■ Try it:
Go through the listing below and repeat it exactly, omitting each picture.

■ Data:
▬▬▬▬▬▬▬▬▬▬

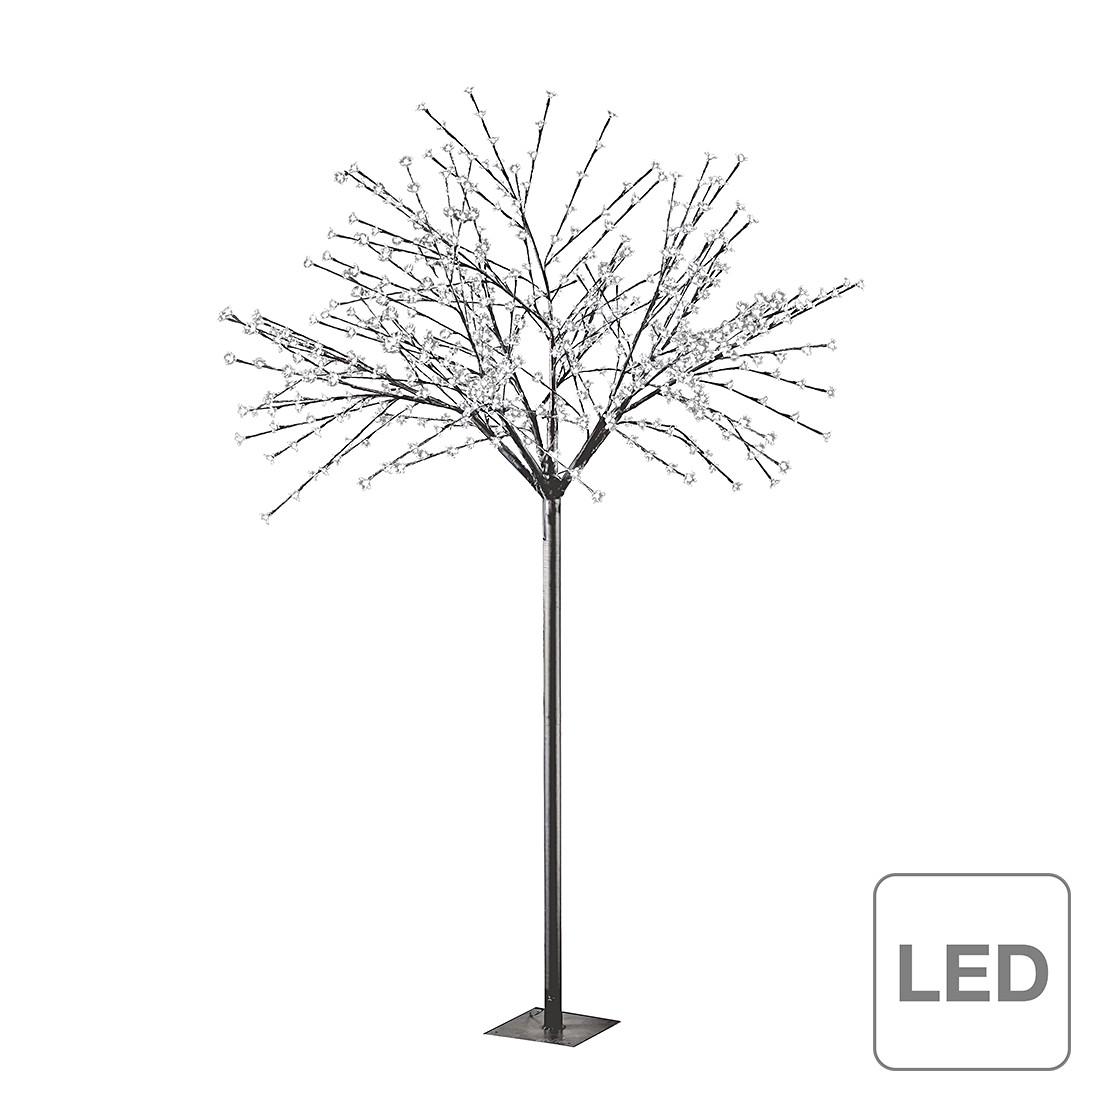 Stehleuchte Led Tree - 600-flammig, Leuchten Direkt
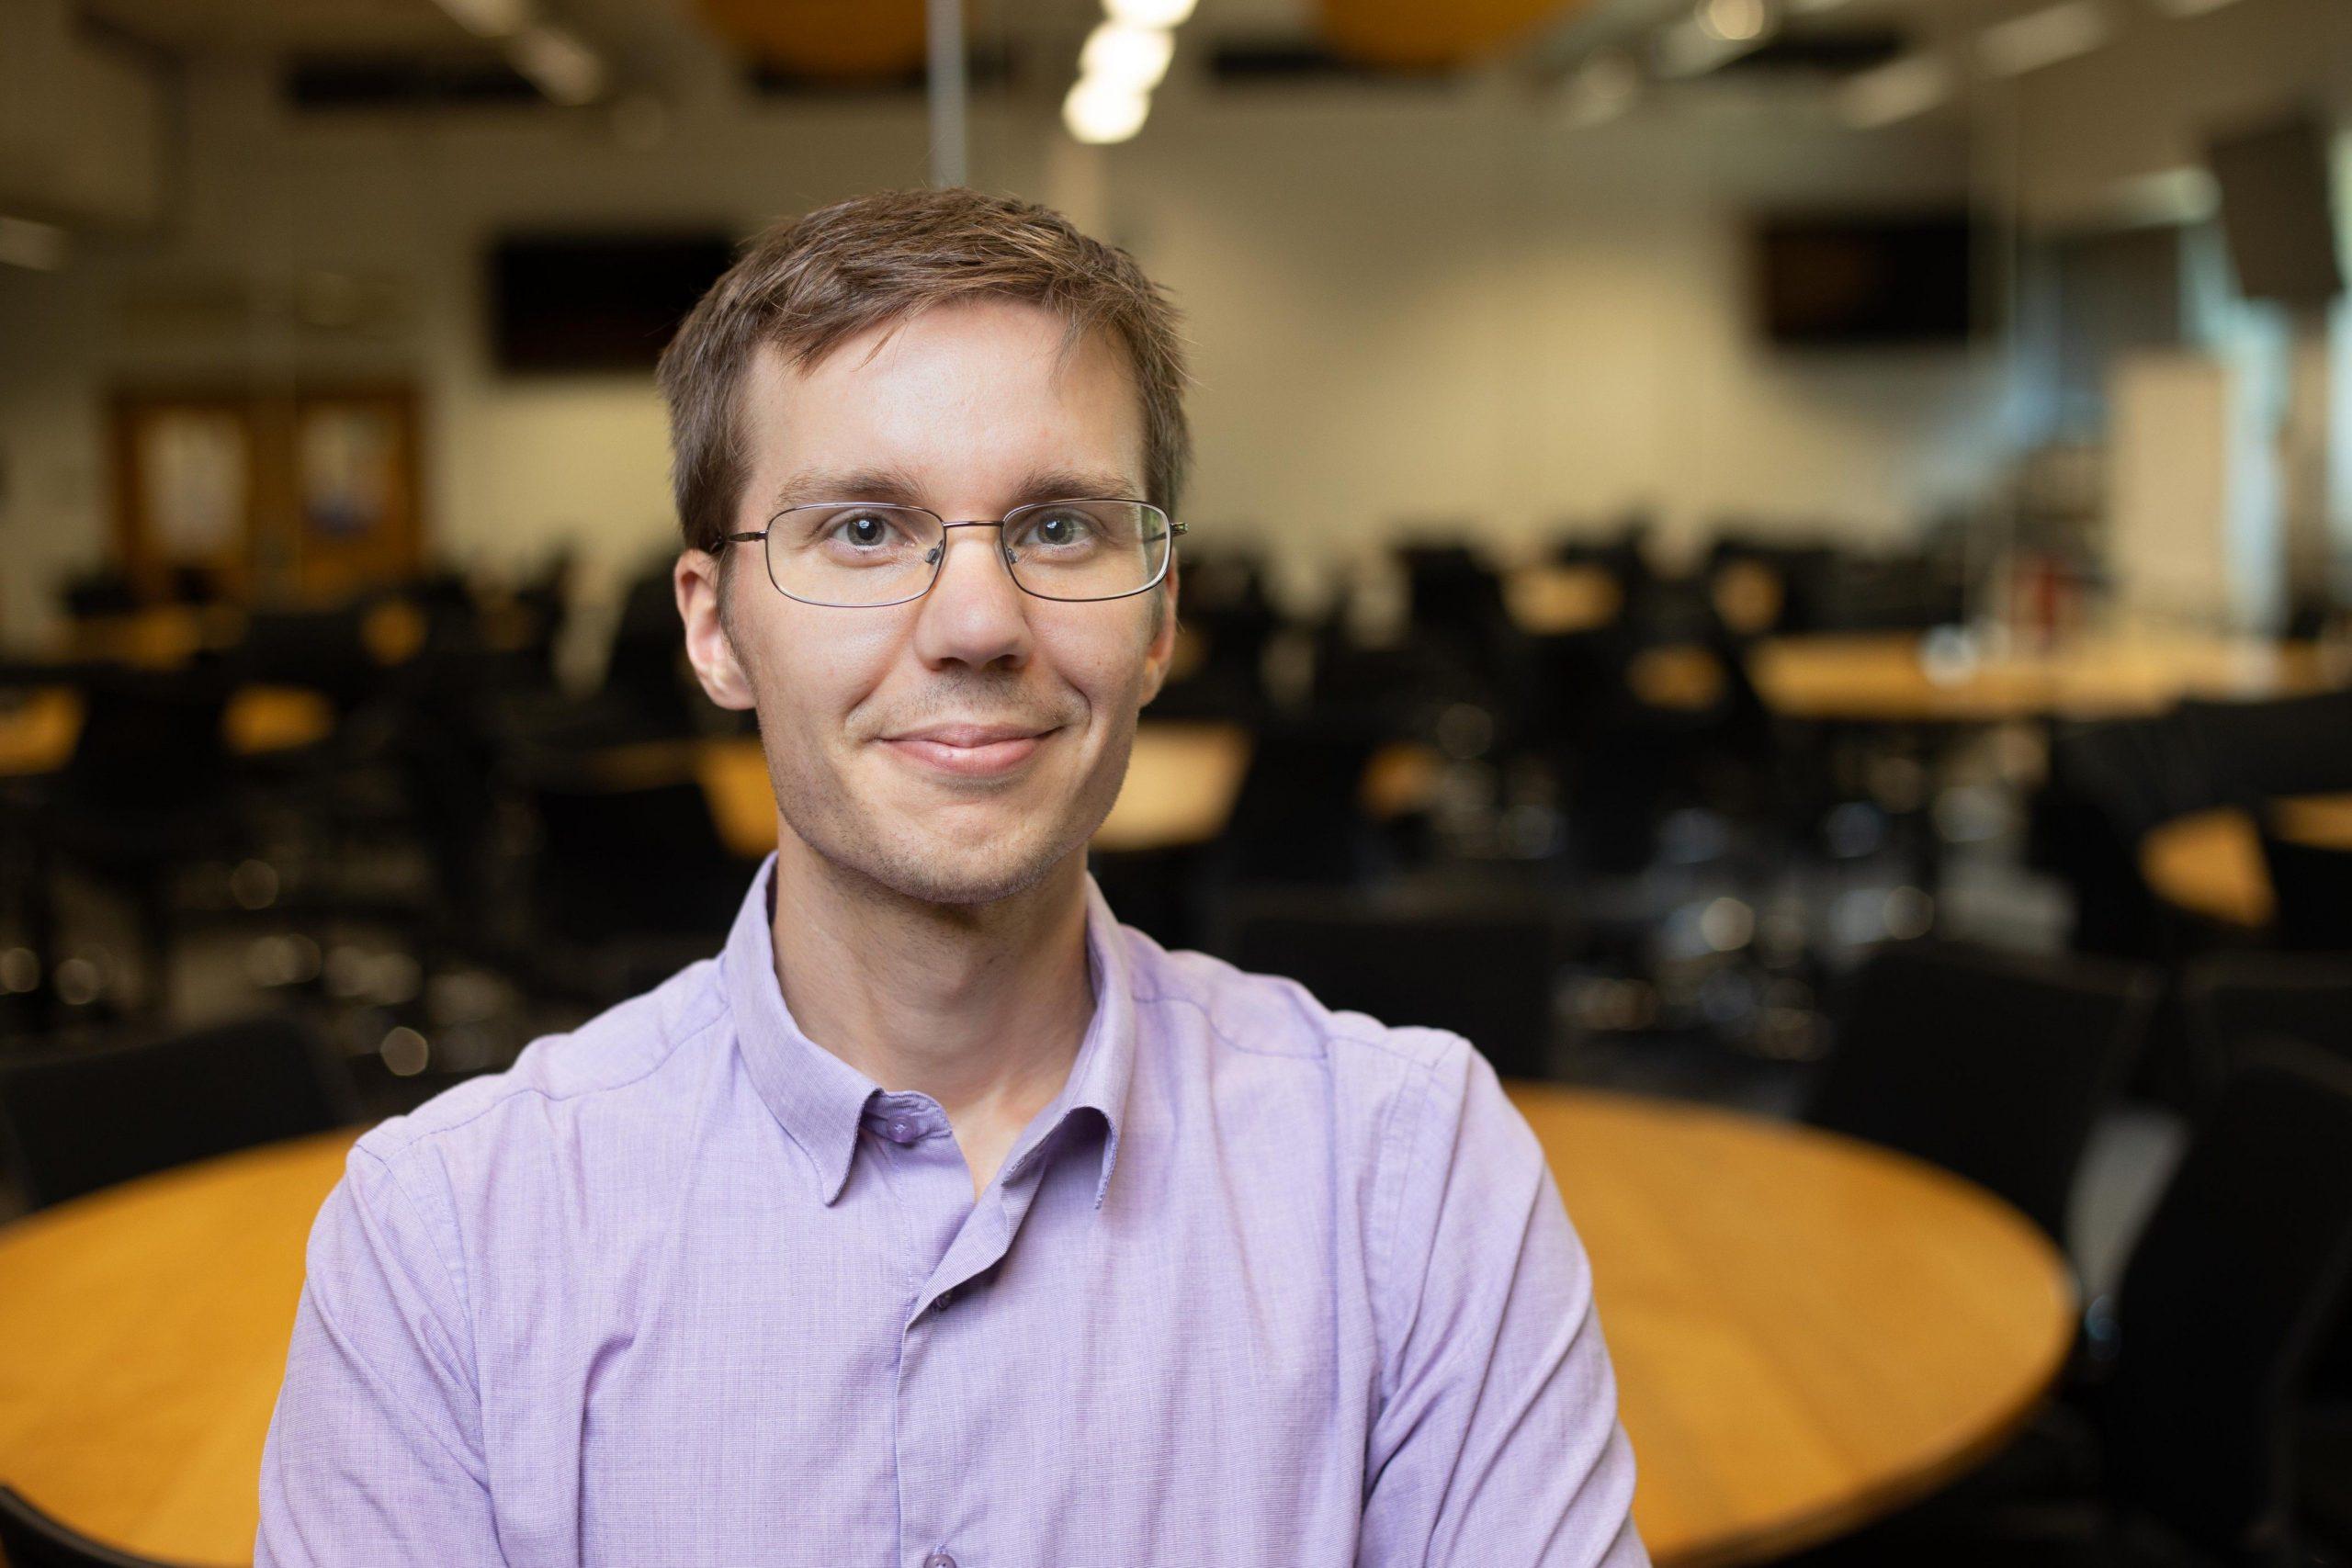 Image: MacDiarmid Emerging Scientist
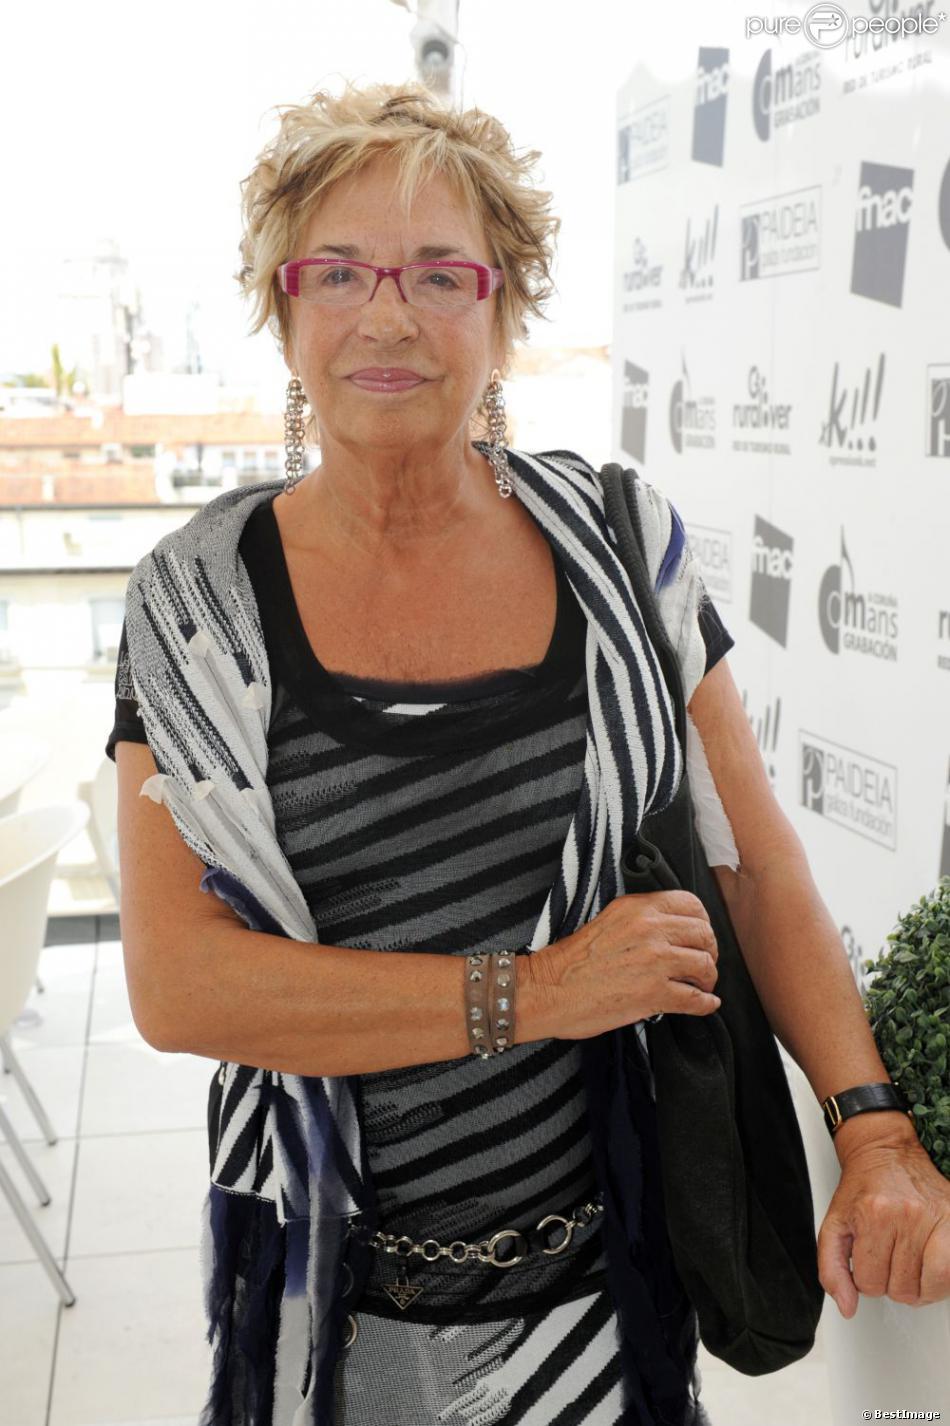 Rosalia Mera, ex-épouse d'Amancio Ortega et cofondatrice avec lui de l'empire Inditex (Zara), femme la plus riche d'Espagne et self-made woman la plus riche au monde, est morte le 15 août 2013 après avoir été victime la veille d'une attaque cérébrale lors de ses vacances à Minorque.

▬▬▬▬▬▬▬▬▬▬

■ Exercise answer:
 Stehleuchte Led Tree - 600-flammig, Leuchten Direkt
 Image: MacDiarmid Emerging Scientist
 Rosalia Mera, ex-épouse d'Amancio Ortega et cofondatrice avec lui de l'empire Inditex (Zara), femme la plus riche d'Espagne et self-made woman la plus riche au monde, est morte le 15 août 2013 après avoir été victime la veille d'une attaque cérébrale lors de ses vacances à Minorque.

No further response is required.